_Information supplied_.
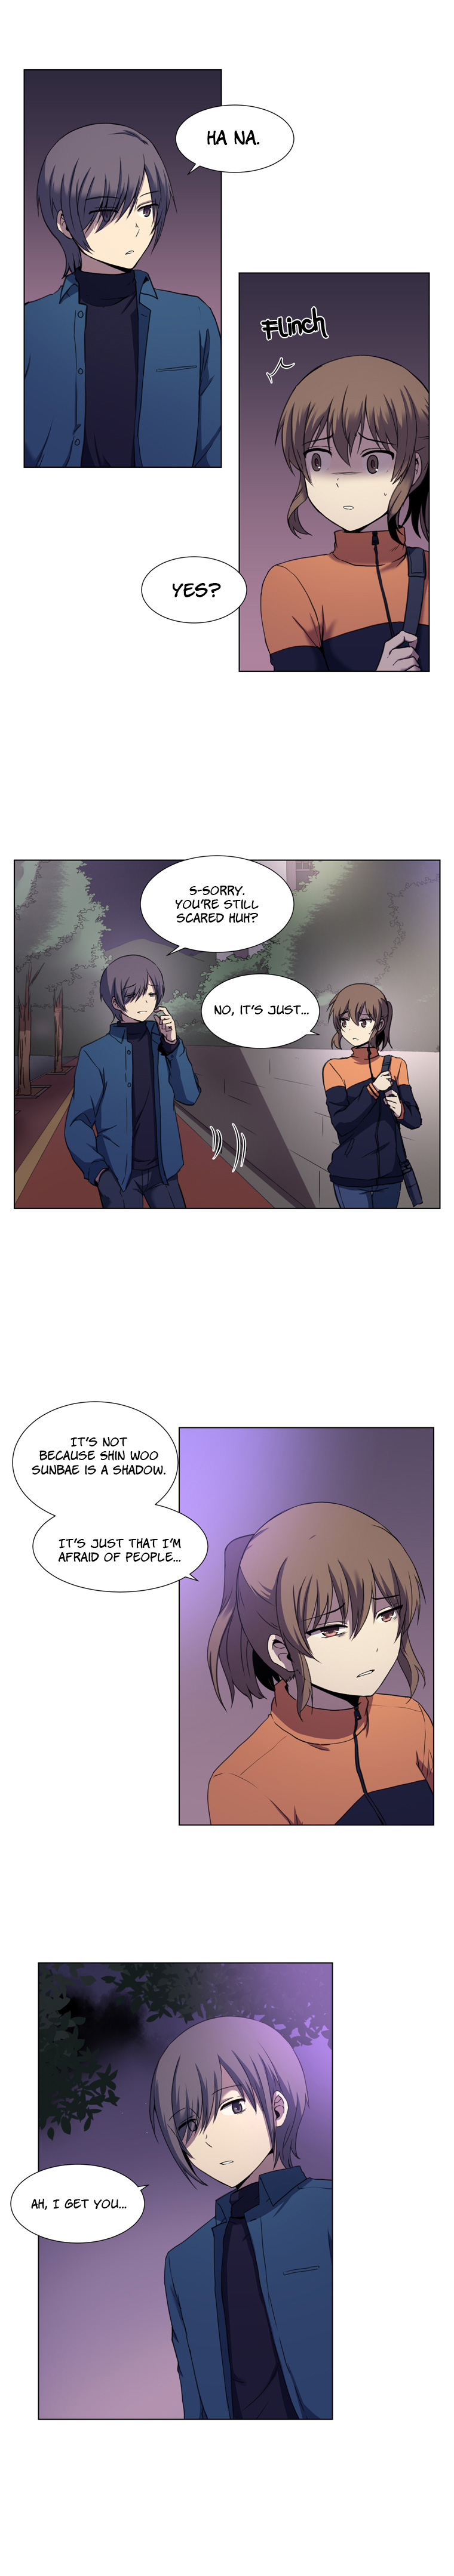 To Kill A Mirror - Page 2
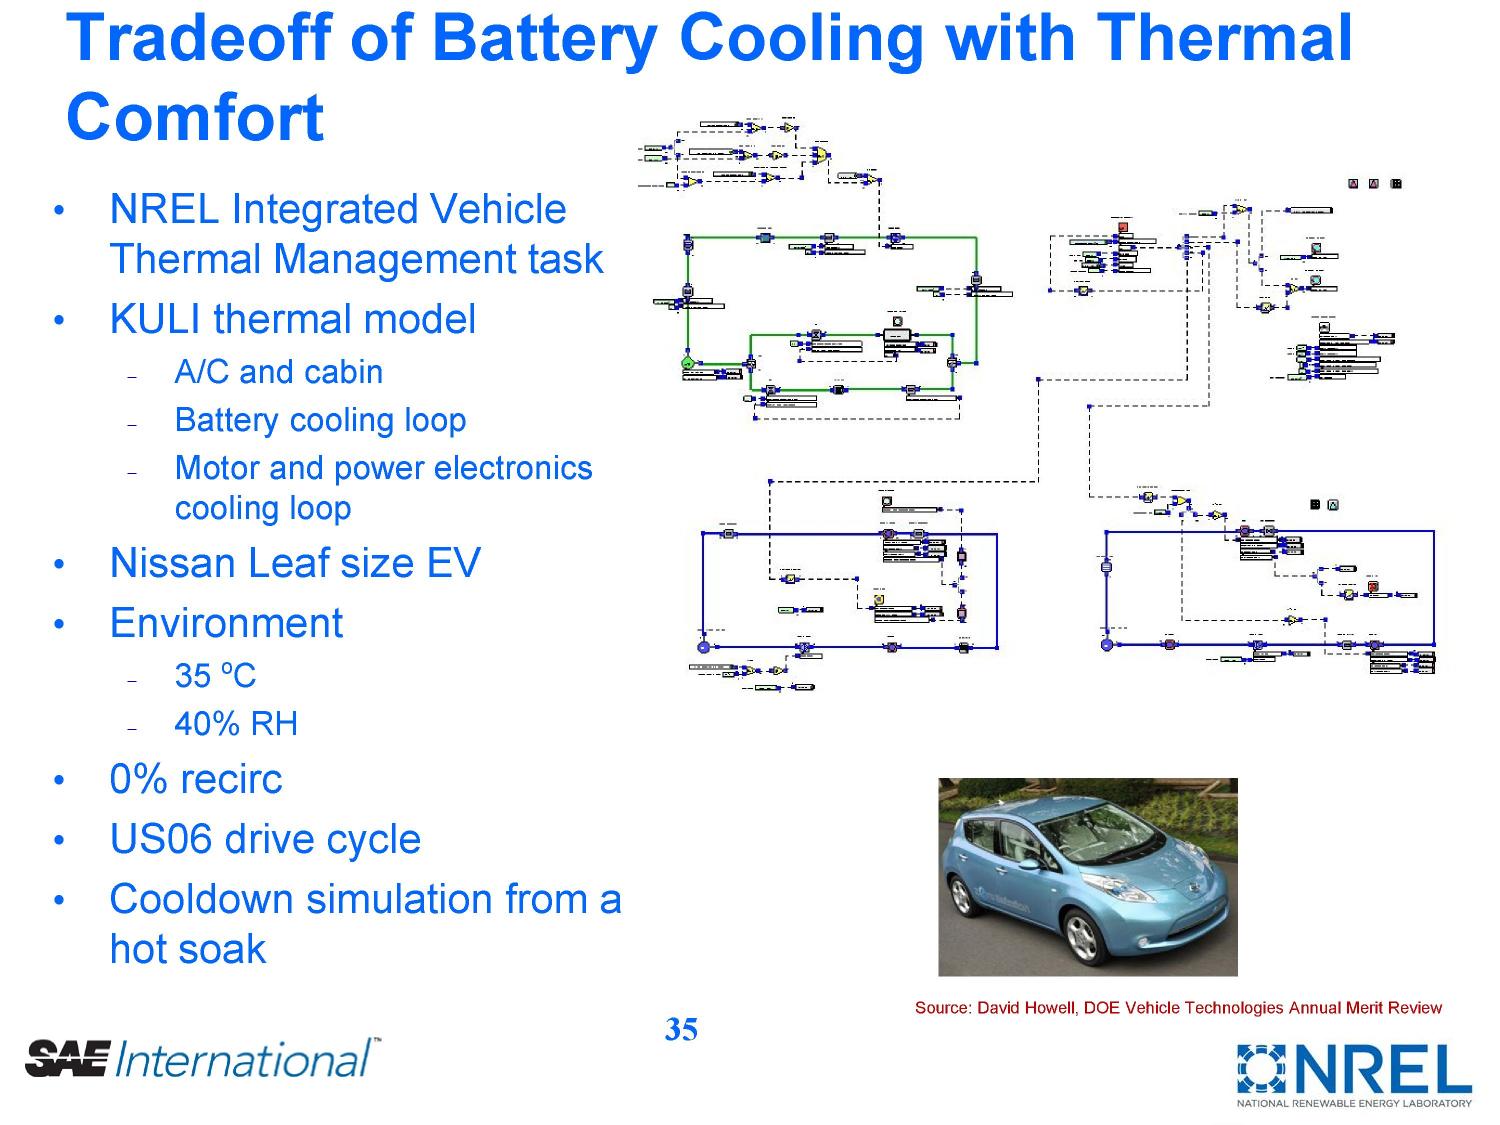 Electric Vehicle Battery Thermal Issues and Thermal Management
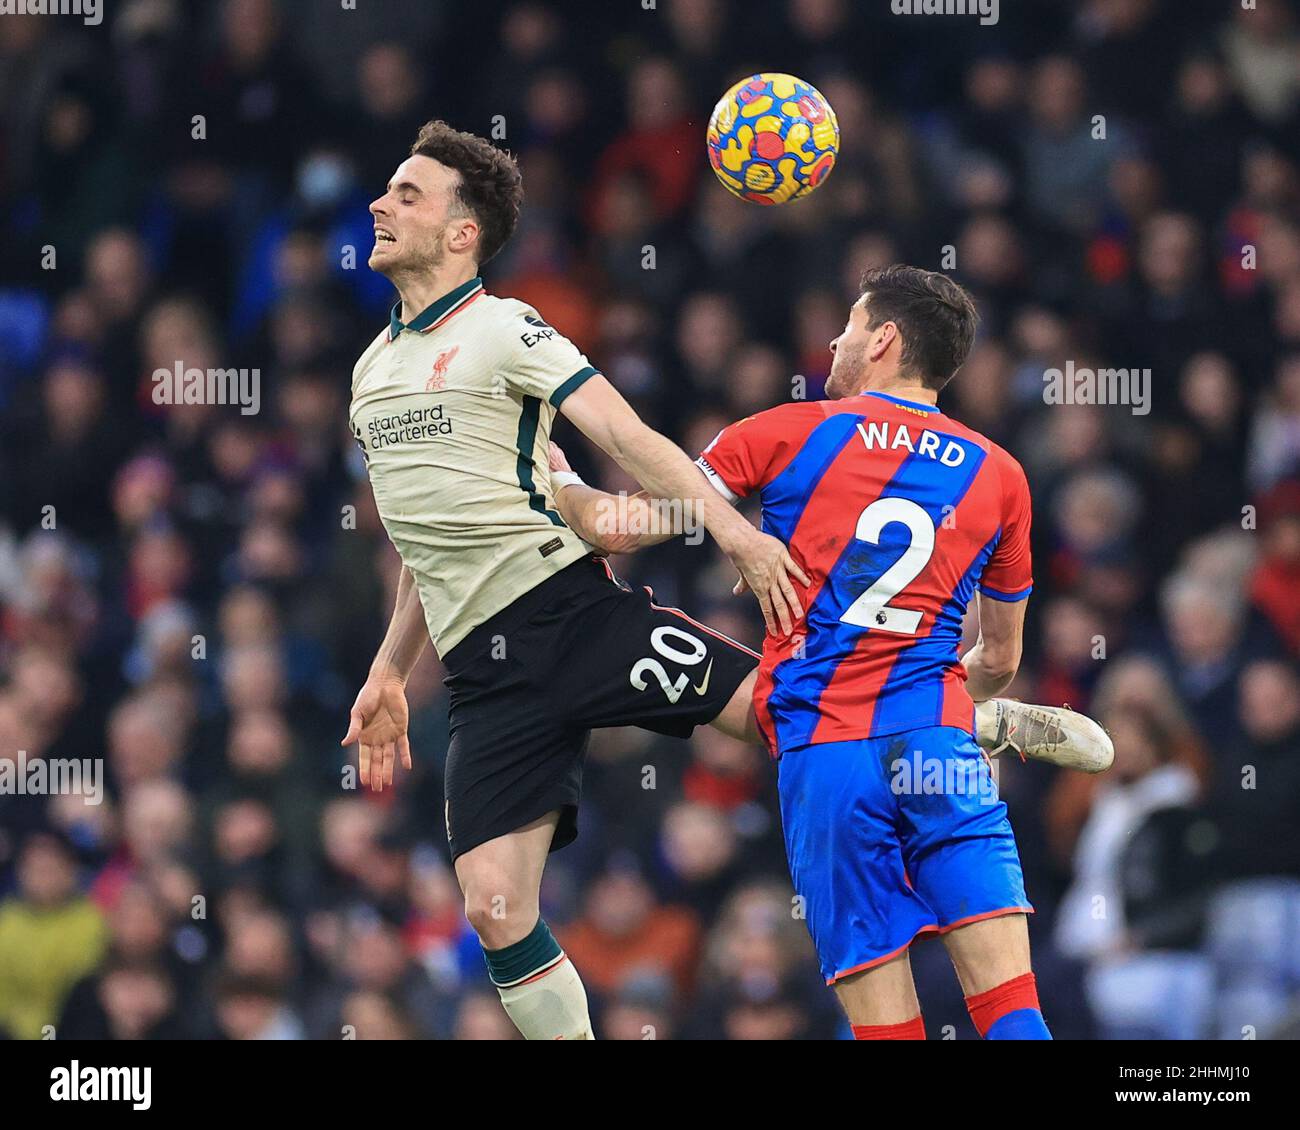 Diogo Jota #20 of Liverpool and Joel Ward #2 of Crystal Palace battle for the ball Stock Photo

_Work to complete_. Restate the full listing word for word, excluding images.

_Reply_.
 To Kill A Mirror - Page 2
 Electric Vehicle Battery Thermal Issues and Thermal Management
 Diogo Jota #20 of Liverpool and Joel Ward #2 of Crystal Palace battle for the ball Stock Photo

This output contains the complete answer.